- _EXERCISE GOAL_
Nothing but the lines from the start of the data through the line with "Stevie Mid Shaft Boots - Cookie Tan Suede" should appear in the answer, each retyped exactly, and pictures should not.

- _Records excerpted from a collection_
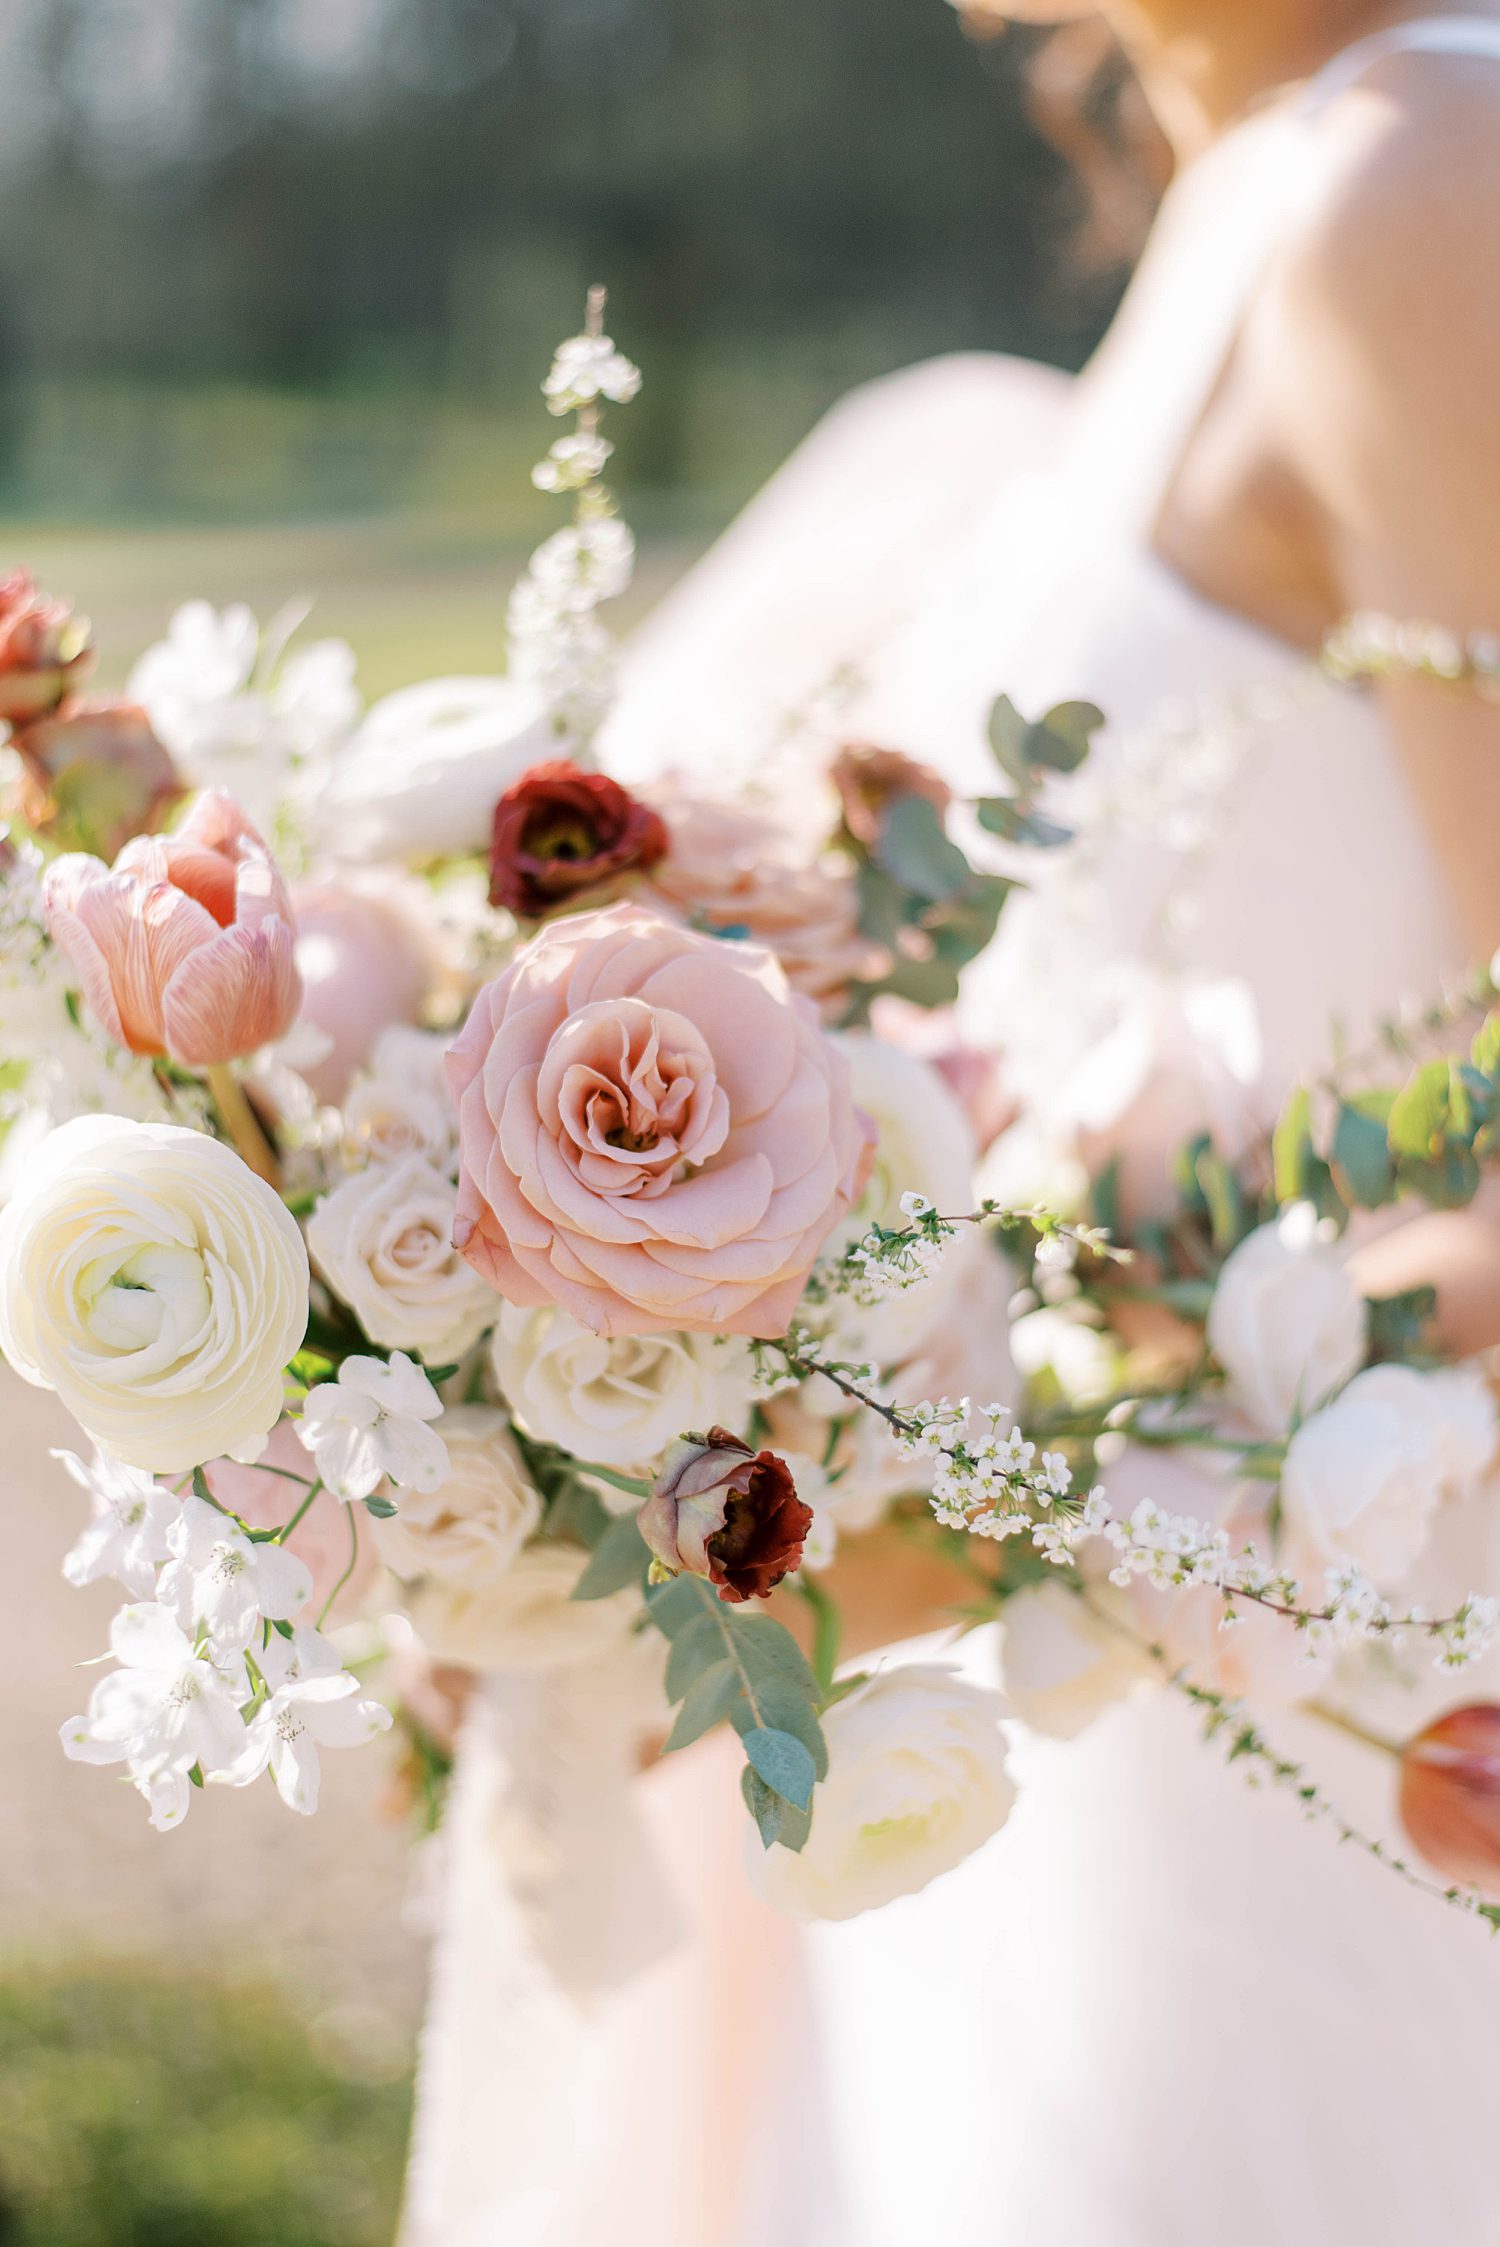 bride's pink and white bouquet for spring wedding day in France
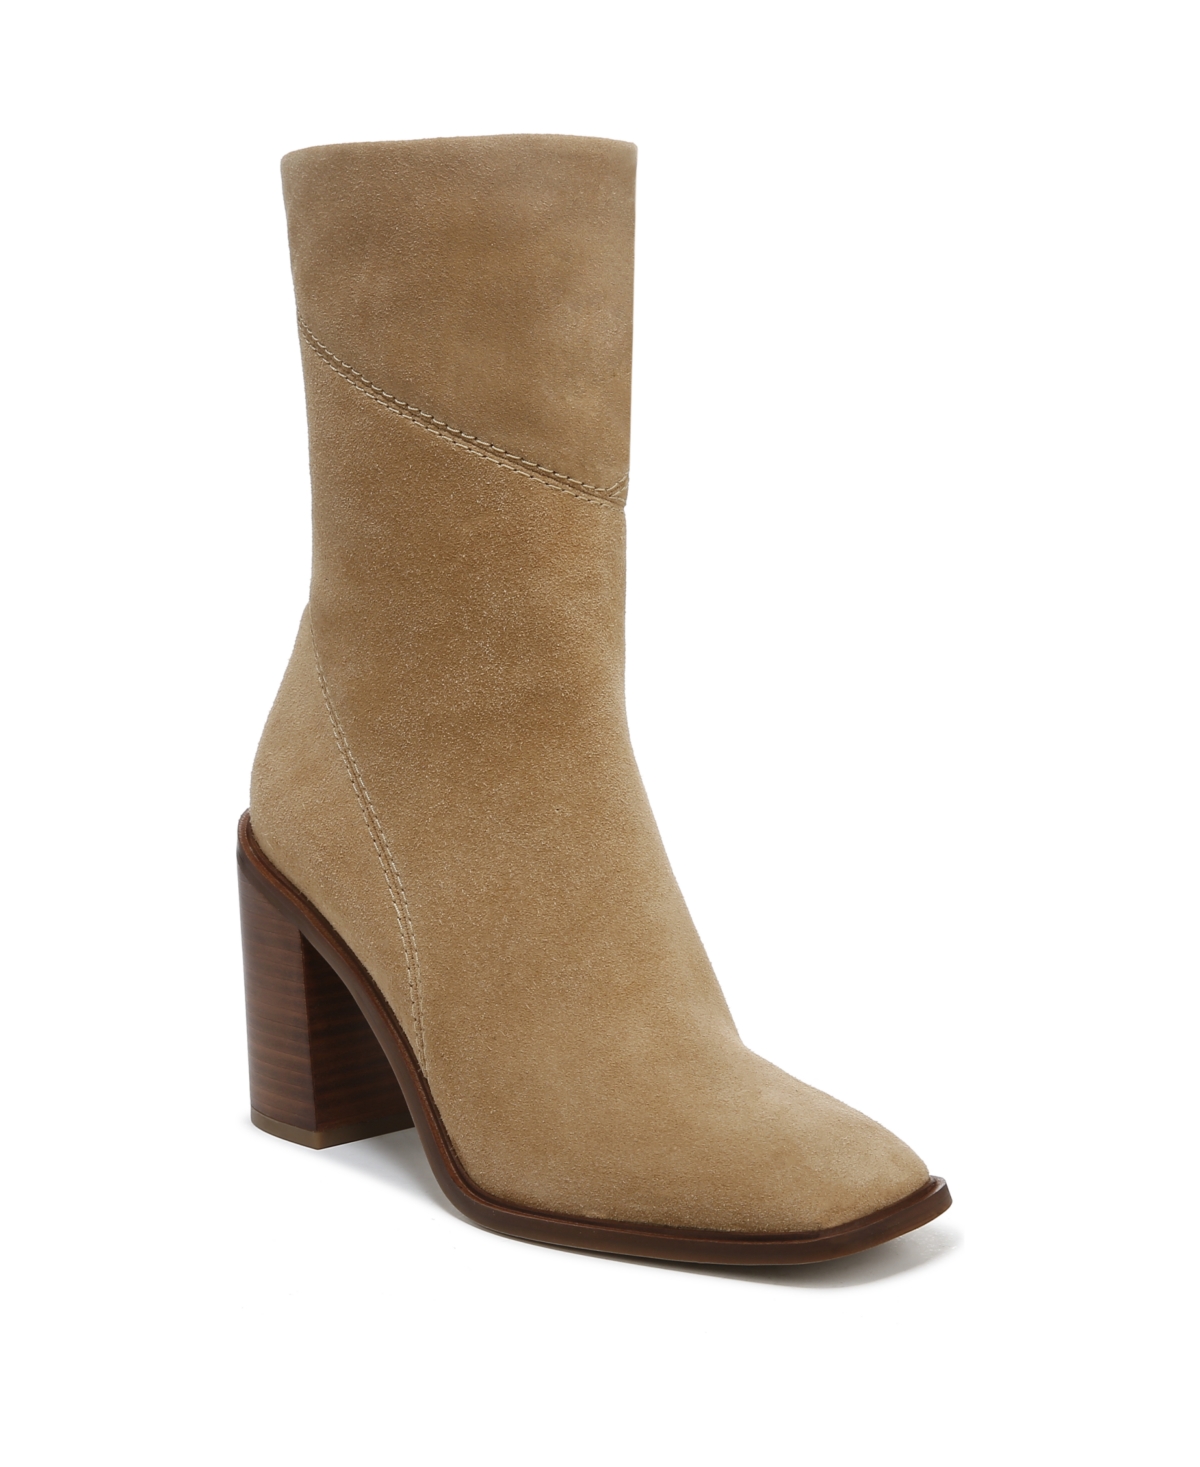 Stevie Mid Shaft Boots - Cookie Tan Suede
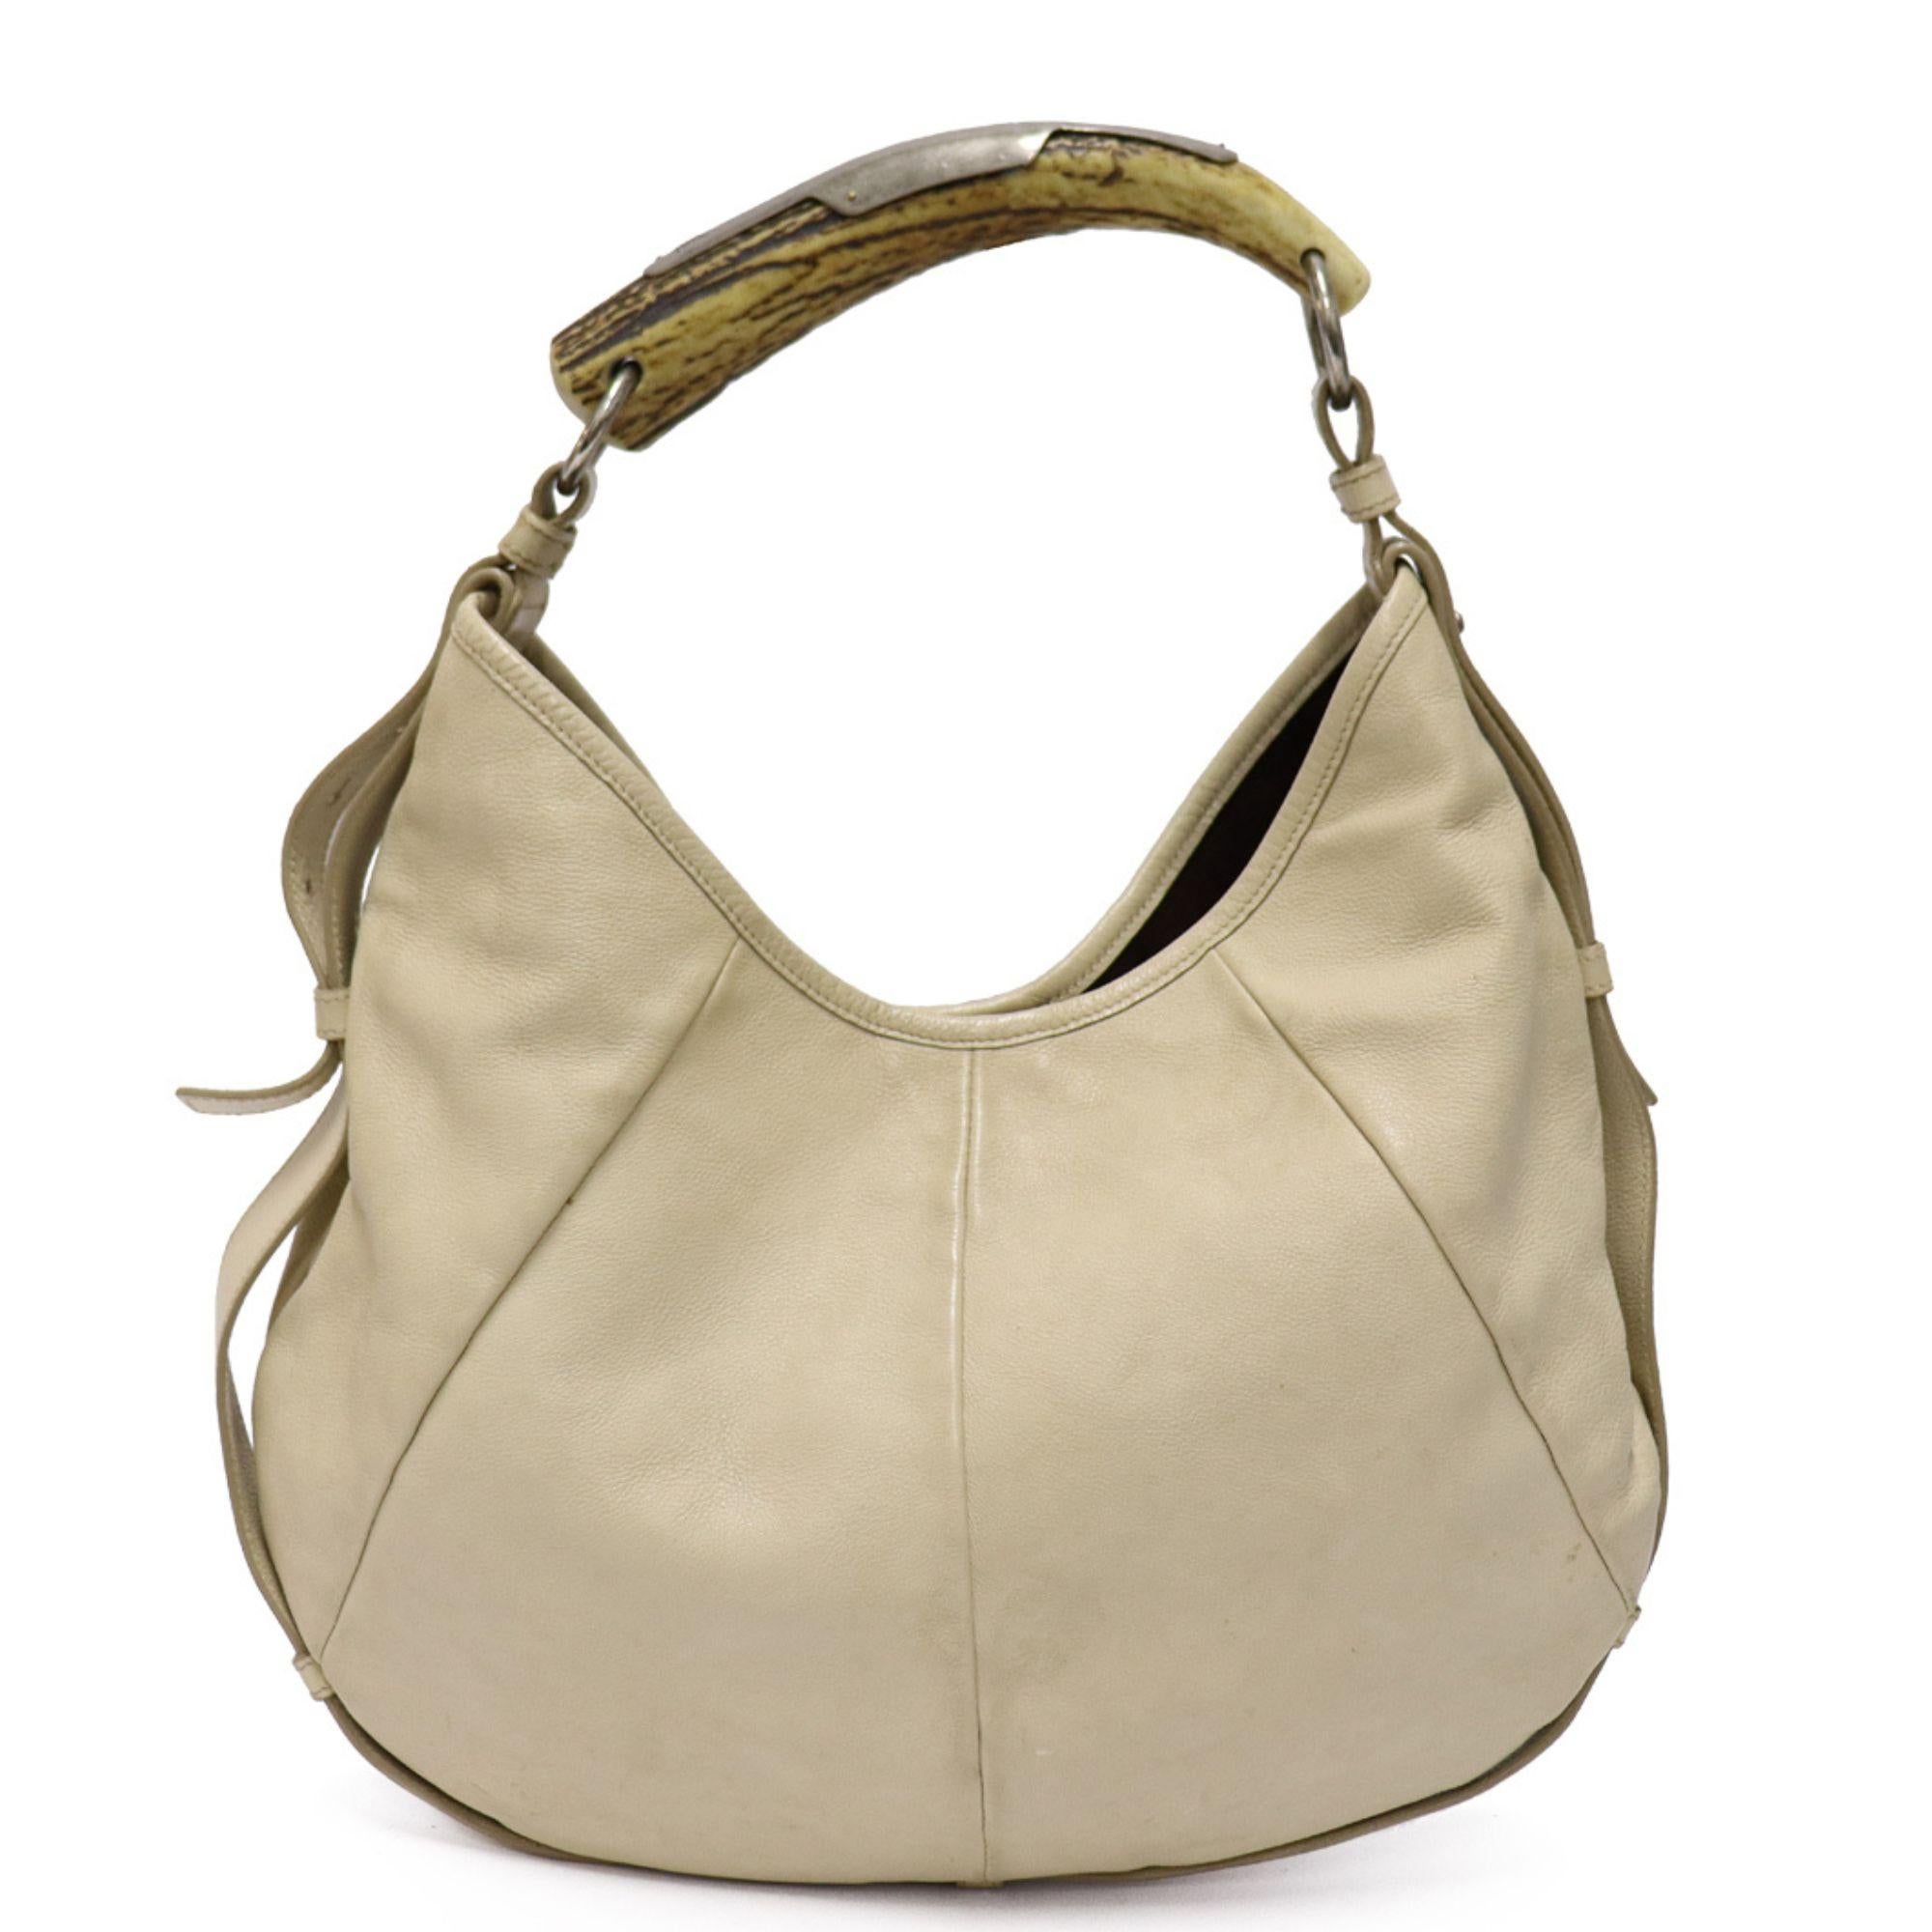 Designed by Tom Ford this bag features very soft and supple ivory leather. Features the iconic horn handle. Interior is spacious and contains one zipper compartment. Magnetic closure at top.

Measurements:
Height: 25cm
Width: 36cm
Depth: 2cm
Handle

- _ANSWER SPACE_
 bride's pink and white bouquet for spring wedding day in France
 Stevie Mid Shaft Boots - Cookie Tan Suede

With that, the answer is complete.